Keywords : Convolutional neural network, Human–robot interaction, Korean word recognition, Viola–Jones algorithm, Visual speech recognition
1. Introduction

Many people have an interest in service robots owing to developments in artificial intelligence (AI). Thus, researchers on robots or AI are developing diverse robots to recognize human expression, emotions, and speech. Such research is called human–robot interaction (HRI) [1, 2]. HRI can be applied to various fields such as factories, hospitals, and amusement parks.

To implement the HRI system, speech recognition is one of the important aspects. People require speech recognition because many products use this technology—e.g., vehicle navigation, voice recognition services of cell phones, and voice searching on the Internet. However, these programs for speech recognition have the problem of inaccuracy [36]. In the presence of noise, these programs cannot hear and analyze the command of the user. Thus, such programs are not used in emergency situations.

To overcome this problem, many ideas have been proposed by researchers. The solution to the speech recognition problem is visual speech recognition (VSR). Current speech recognition technology uses people’s voices. In contrast, VSR uses lip shapes to improve the accuracy of speech recognition.

Thus, VSR is used in human–computer interaction, speaker recognition, audio-visual speech recognition, sign language recognition, and video surveillance for convenience [5, 7]. VSR technology has two methods of approach: the visemic approach and the holistic approach. The visemic approach is the conventional and common method.

The viseme uses the phoneme of a word’s mouth shapes. However, the holistic approach uses the whole word. Thus, the holistic method has a better result than the visemic approach [7]. However, the holistic method has not yet been made for the Korean language.

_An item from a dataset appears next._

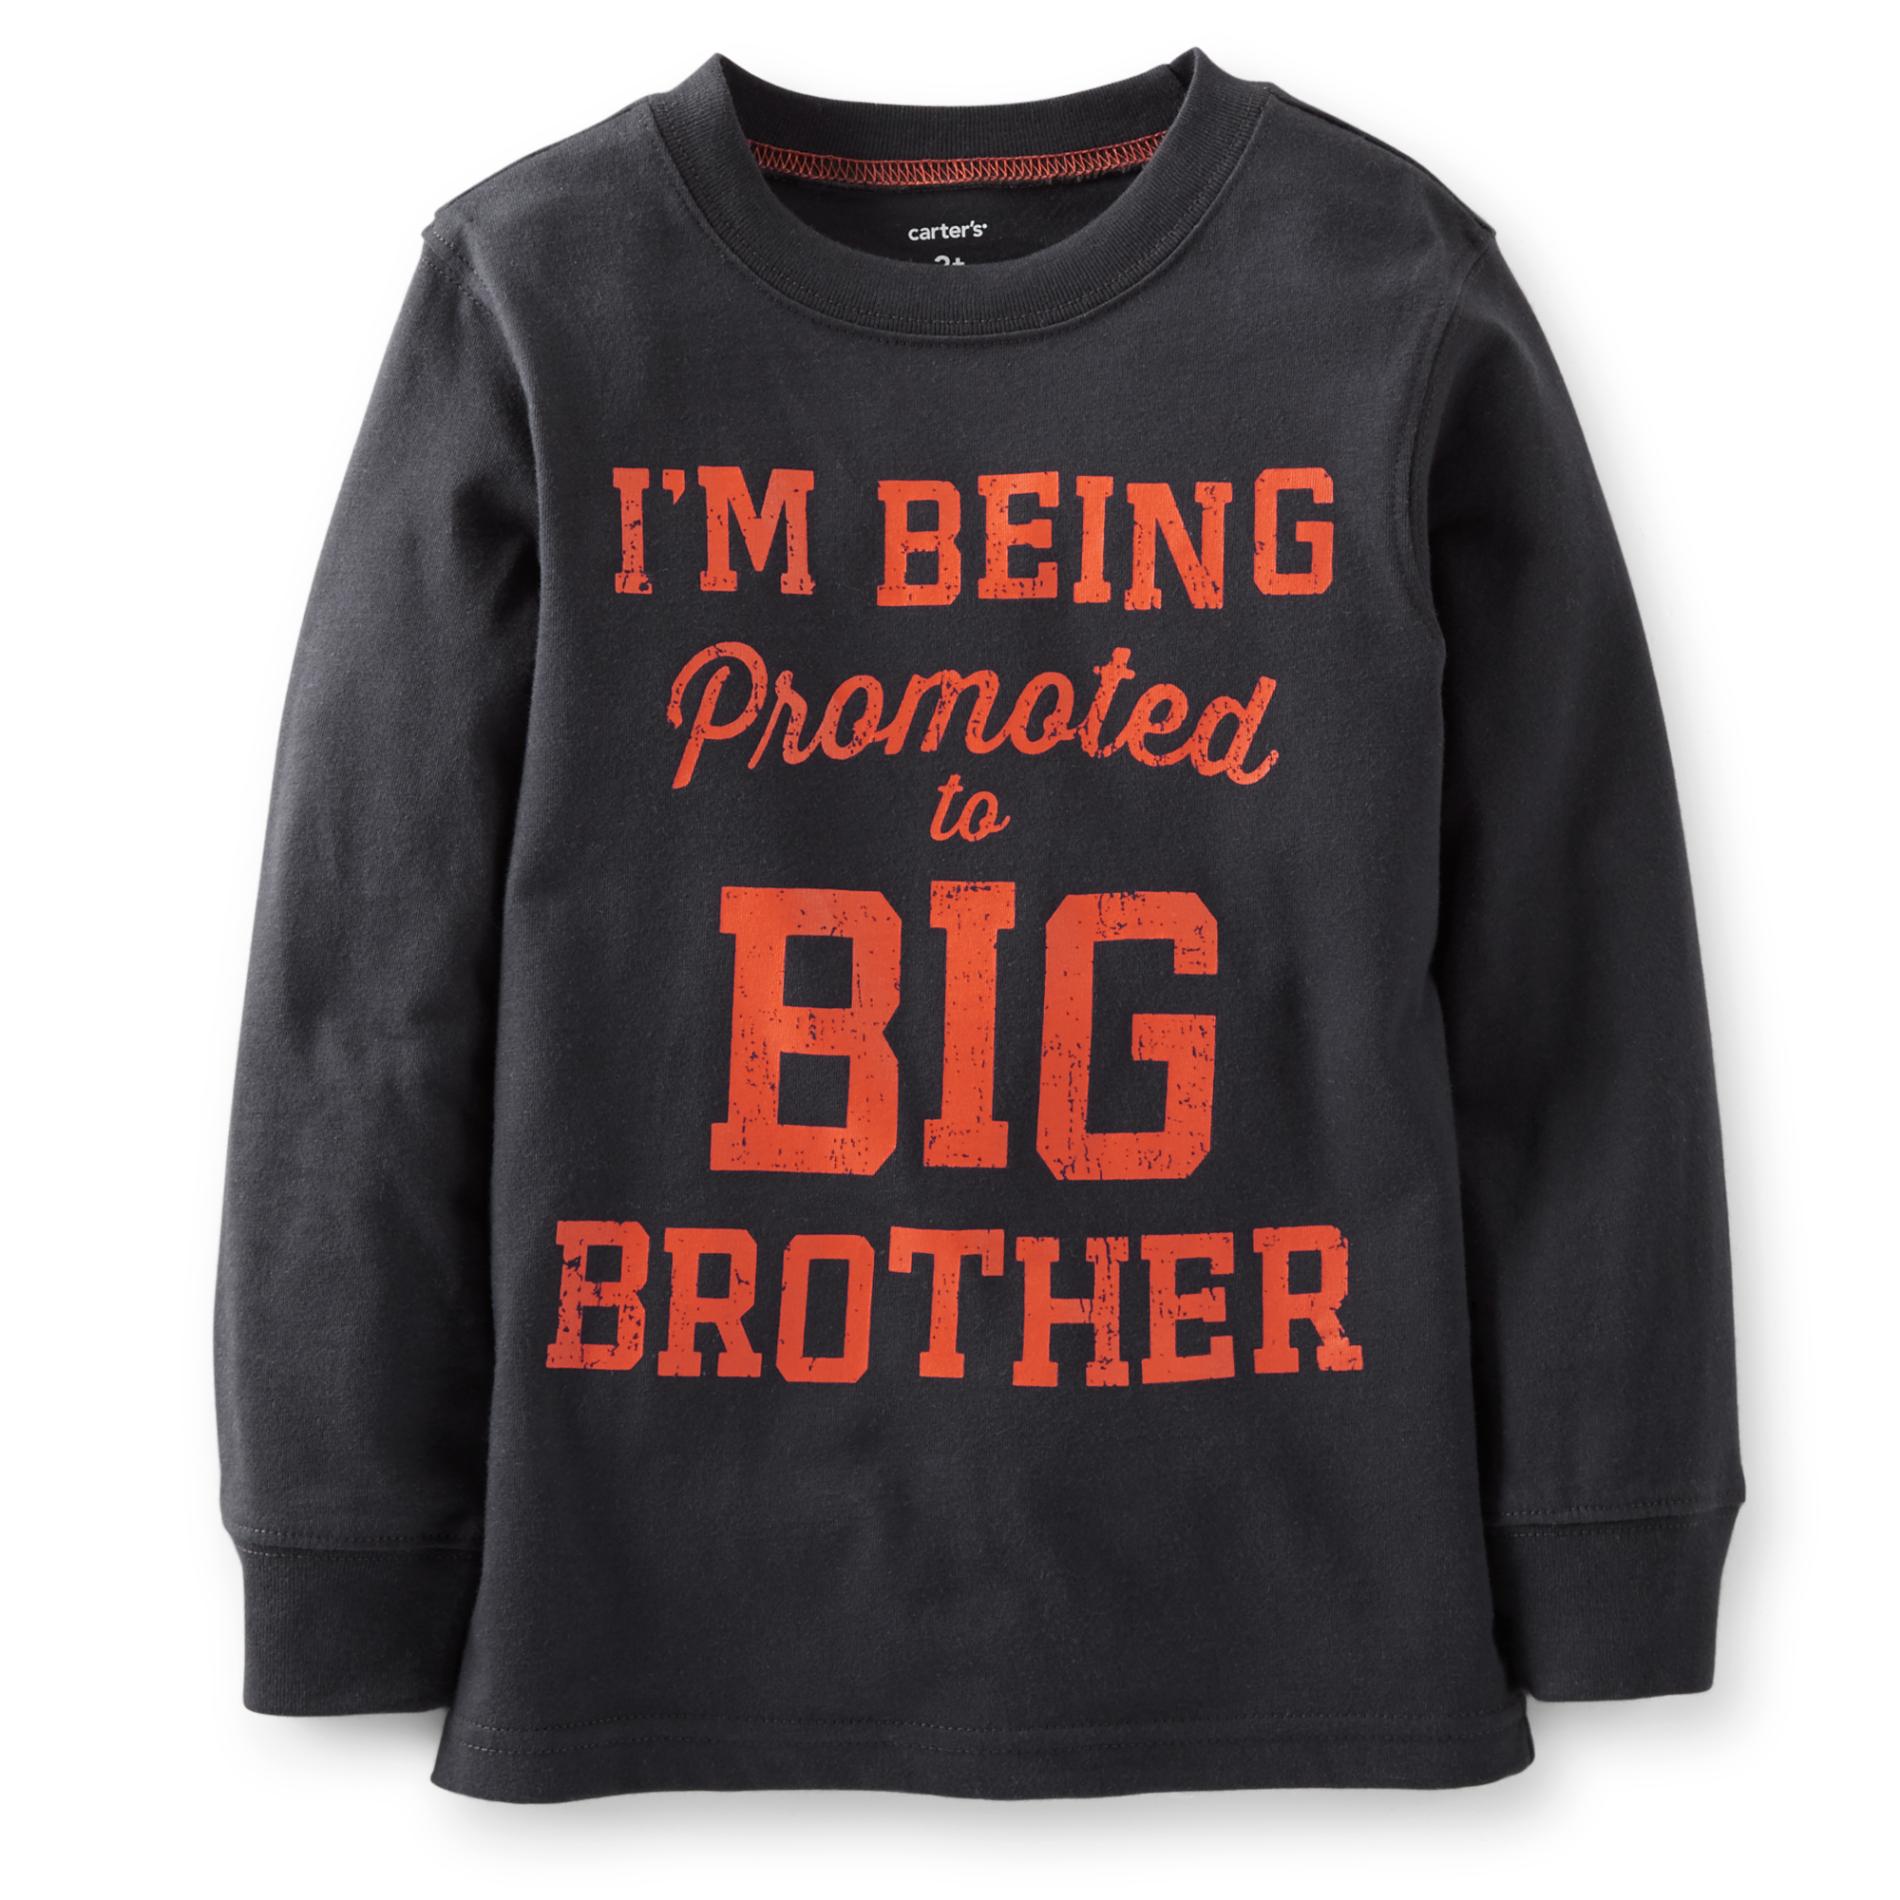 Carter's Boy's Graphic Sweatshirt - Big Brother
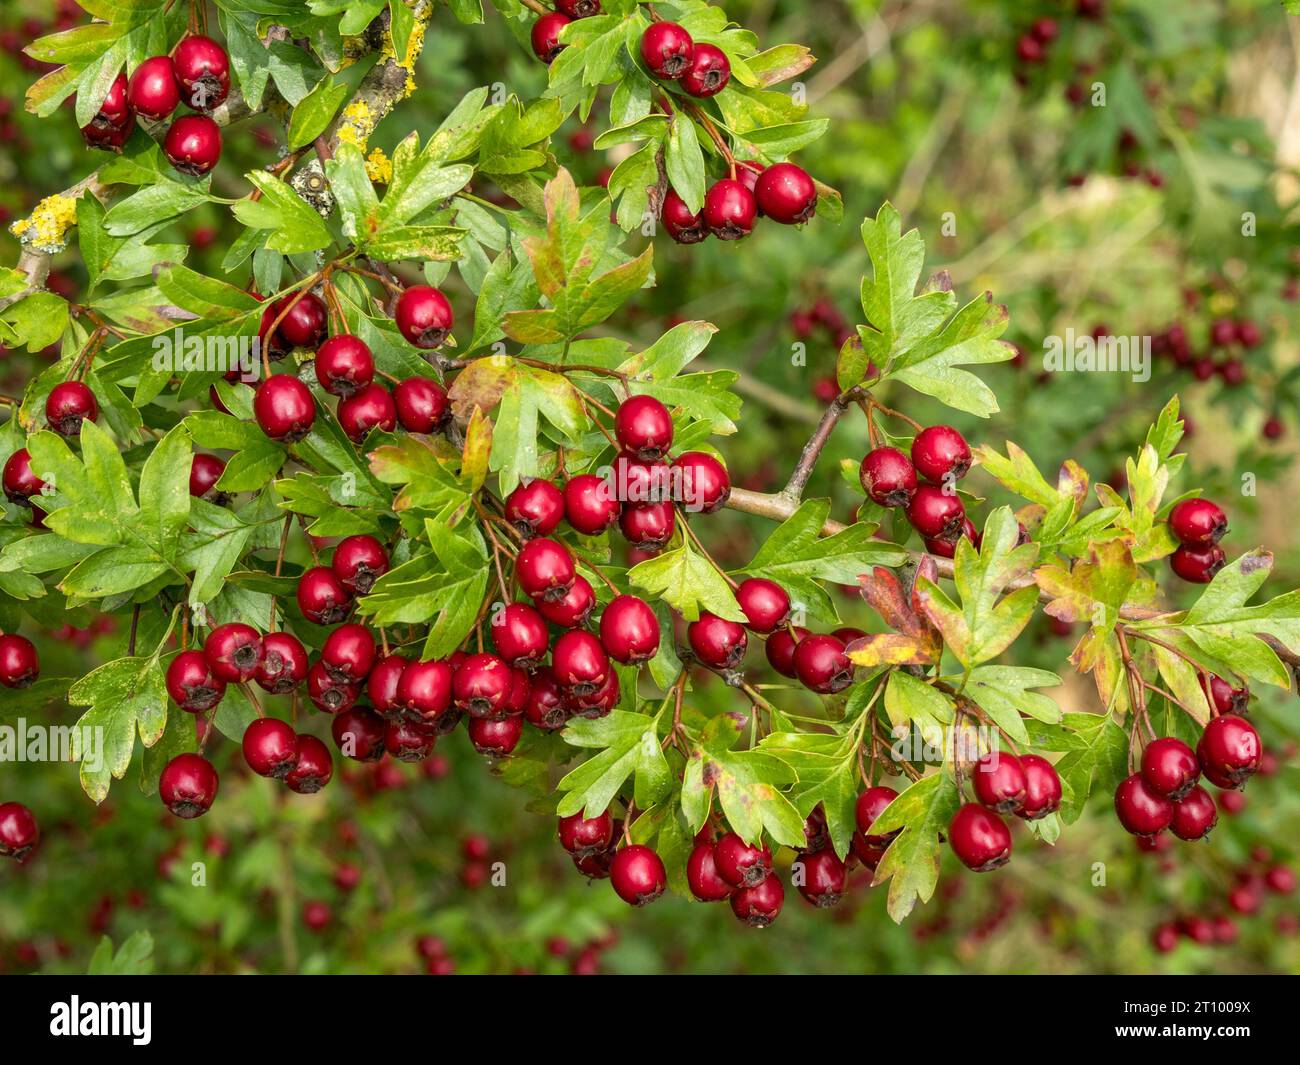 Bacche di biancospino rosso brillante / cremisi che crescono su un arbusto di biancospino comune (Crataegus monogyna) con foglie verdi, in ottobre, Inghilterra, Regno Unito Foto Stock

In Korean, the syllable of a word consists of three parts. Figure 1 shows the construction of a word. The word has three consonants, three vowels, and two final consonants. Moreover, a syllable generally consists of a consonant, vowel, and final consonant. The pronunciation of a syllable is also a sequence of a consonant, vowel, and final consonant [8]. However, the use of only the information from the consonant, vowel, and final consonant images cannot determine the correct word because the information of the consonant and final consonant is not exact and makes no difference except bilabial [9].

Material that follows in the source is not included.